Even if Donald Trump loses the election, the conditions that made his authoritarian regime possible won’t disappear with him. If we are to heal our country and ensure against a repeat of the past four years, we need to boldly and aggressively scale our solutions to the size of the problem. And when it comes to our crisis of rising income inequality, the problem is huge.
How big is it? A staggering $50 trillion. As David Rolf and I wrote last week in TIME, that is how much the upward redistribution of income has cost American workers over the past several decades.
This is not some back-of-the-napkin approximation. According to a groundbreaking new working paper by Carter C. Price and Kathryn Edwards of the RAND Corporation, from 1947 through 1974, real incomes grew at close to the rate of per capita economic growth across all income levels. That means that for three decades, those at the bottom and middle of the distribution saw their incomes grow at about the same rate as those at the top. Had these more equitable income distributions merely held steady, the aggregate annual income of Americans earning below the 90th percentile would have been $2.5 trillion higher in the year 2018 alone. That is an amount equal to nearly 12 percent of GDP—enough to more than double median income, and enough to pay every single working American in the bottom nine deciles an additional $1,144 a month. Every worker. Every month. Every. Single.

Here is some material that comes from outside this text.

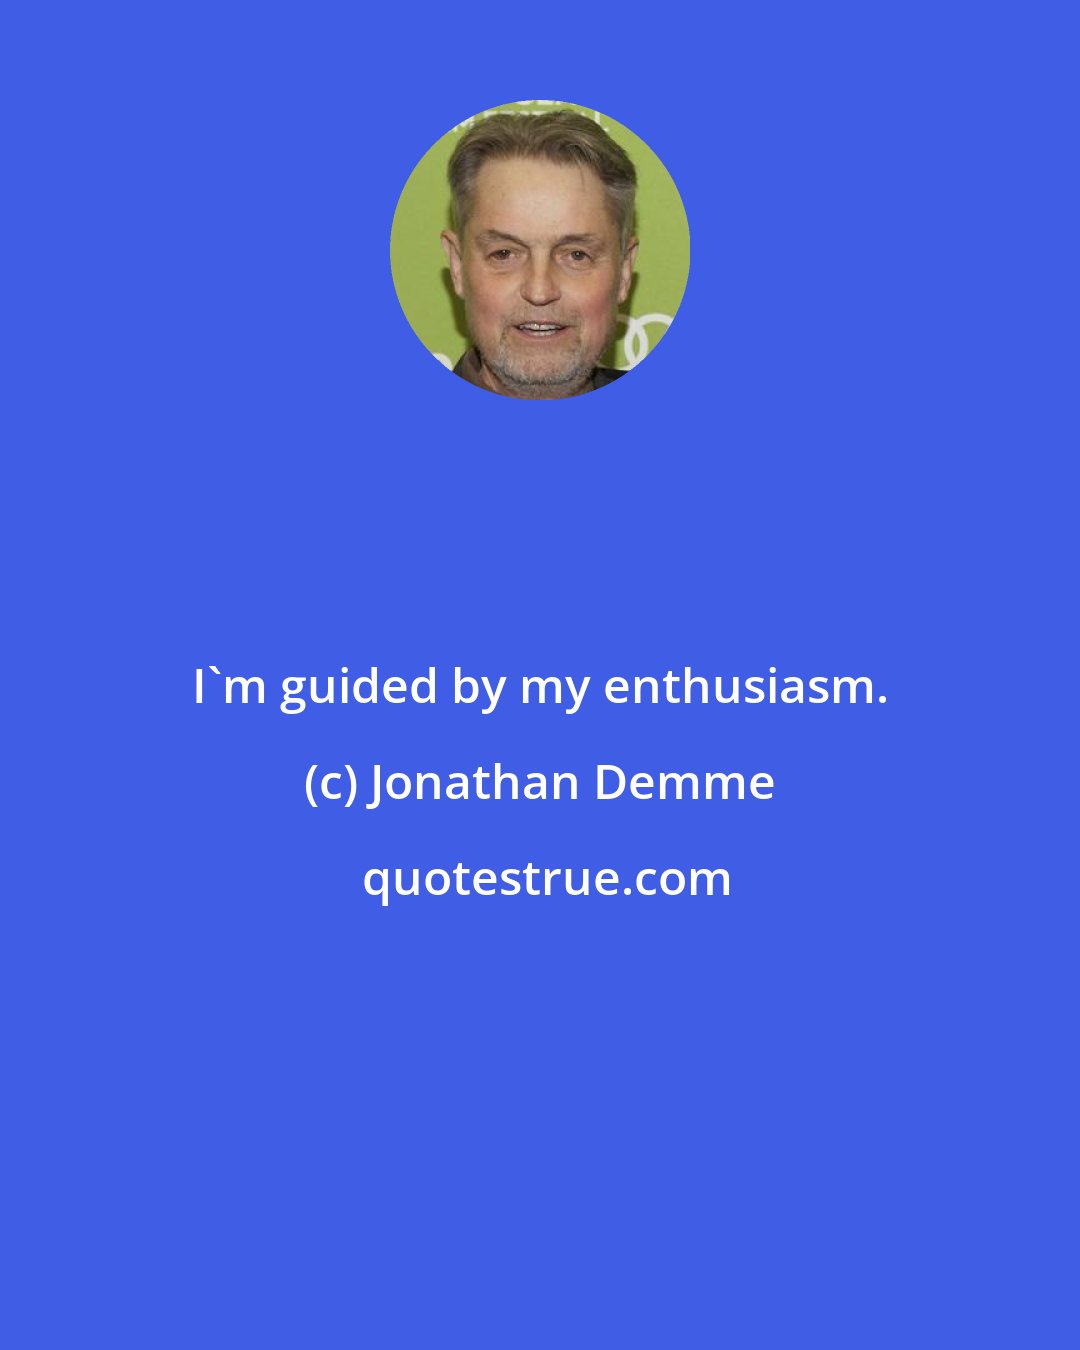 Jonathan Demme: I'm guided by my enthusiasm.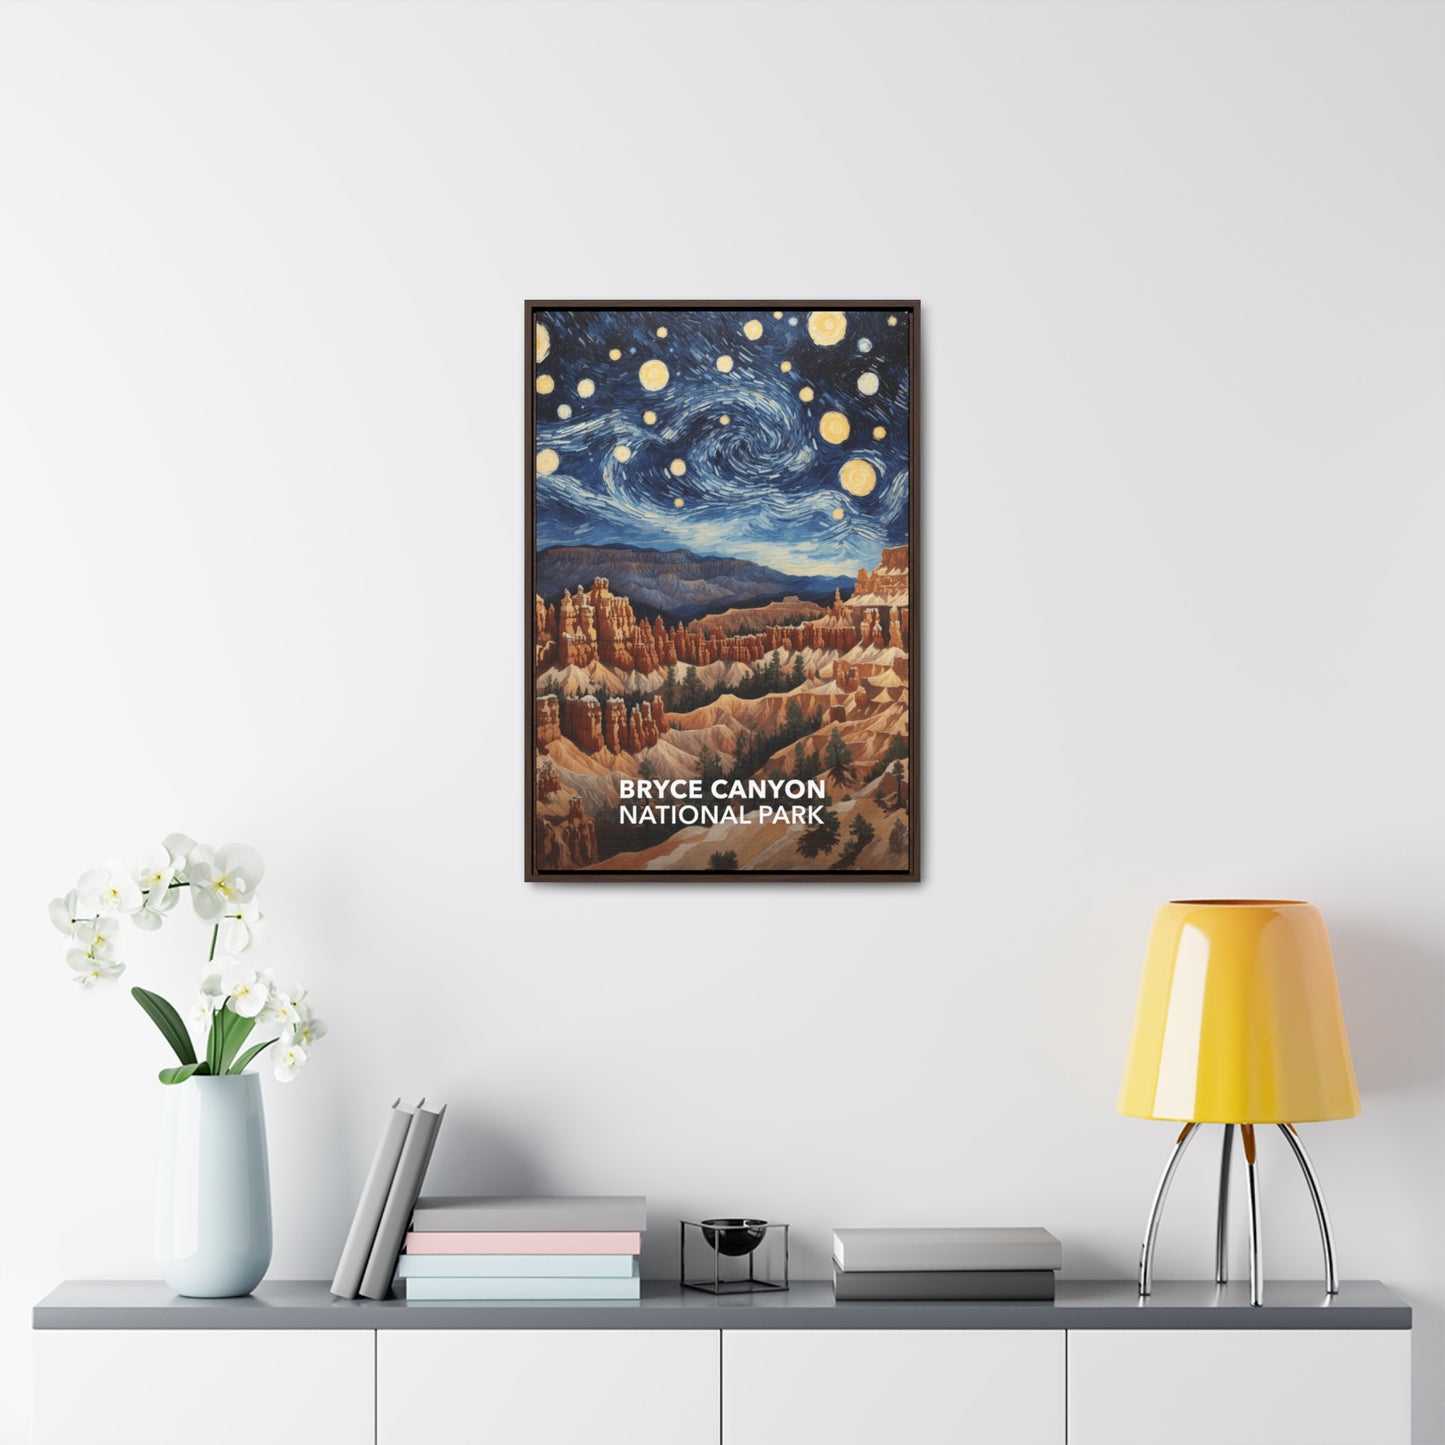 Bryce Canyon National Park Framed Canvas - The Starry Night

Year.
Price and Edwards calculate that the cumulative tab for our four-decade-long experiment in radical inequality had grown to over $47 trillion from 1975 through 2018. At a recent pace of about $2.5 trillion a year, that number surely crossed the $50 trillion mark by early 2020. That’s $50 trillion that would have gone into the paychecks of working Americans had inequality held constant—$50 trillion that would have built a more prosperous economy—$50 trillion that would have built an American middle class far larger, healthier, and more financially secure.
As the RAND report demonstrates, a rising tide most definitely did not lift all boats. It didn’t even lift most of them, as nearly all of the benefits of growth these past 45 years were captured by those in the top 1 percent.
At every income level below the 90th percentile, wage earners are now being paid a fraction of what they would have earned had inequality held constant. On average, extreme inequality is costing the median income full-time worker between $42,000 and $52,000 a year. Half of all full-time workers (those at or below the median income of $50,000 a year) now earn about half what they would have had incomes across the distribution continued to keep pace with economic growth; those without a college degree have actually seen their real incomes decline. And that’s per worker, not per household. Below the 50th percentile, households comprised of a married couple with two full-time workers now earn little more than what a single-earner household would have earned had inequality held constant. It’s easy to understand why so many voters are so angry: two-income families are now working twice the hours their parents did to maintain a shrinking share of the pie, while struggling to pay housing, health care, education, childcare, and transportation costs that have grown at two to three times the rate of inflation.
There are some who blame the current plight of working Americans on structural changes in the underlying economy—on automation, and especially on globalization. According to this popular narrative, the lower wages of the past 45 years were the unfortunate but necessary price of keeping American businesses competitive in an increasingly cutthroat global market. But in fact, the $50 trillion transfer of wealth the RAND report documents, has occurred entirely within the American economy, not between it and its trading partners. No, this upward redistribution of income, wealth, and power wasn’t inevitable; it was a choice—a direct result of the trickle-down policies we chose to implement after 1975.
We chose to cut taxes on billionaires and to deregulate the financial industry. We chose to allow CEOs to manipulate share prices through stock buybacks, and to lavishly reward themselves with the proceeds. We chose to permit giant corporations, through mergers and acquisitions, to accumulate the vast monopoly power necessary to dictate both prices charged and wages paid. We chose to erode the minimum wage and the overtime threshold and the bargaining power of labor. For four decades, we chose to elect political leaders from both parties who put the material interests of the rich and powerful above those of the American people.
By putting a $50 trillion price tag on the consequences, the RAND report gives us permission not just to make different choices, but to make historically bold choices—choices that scale to the enormous size of the problem. The central goal of our nation’s economic policy must be the doubling of median income. Anything less would leave our nation vulnerable to renewed authoritarian attack. President Trump could not bring himself to buttress his white nationalist agenda with a genuine appeal to egalitarian economics—but the next would-be dictator might. We must not, through inaction, give an authoritarian demagogue that chance.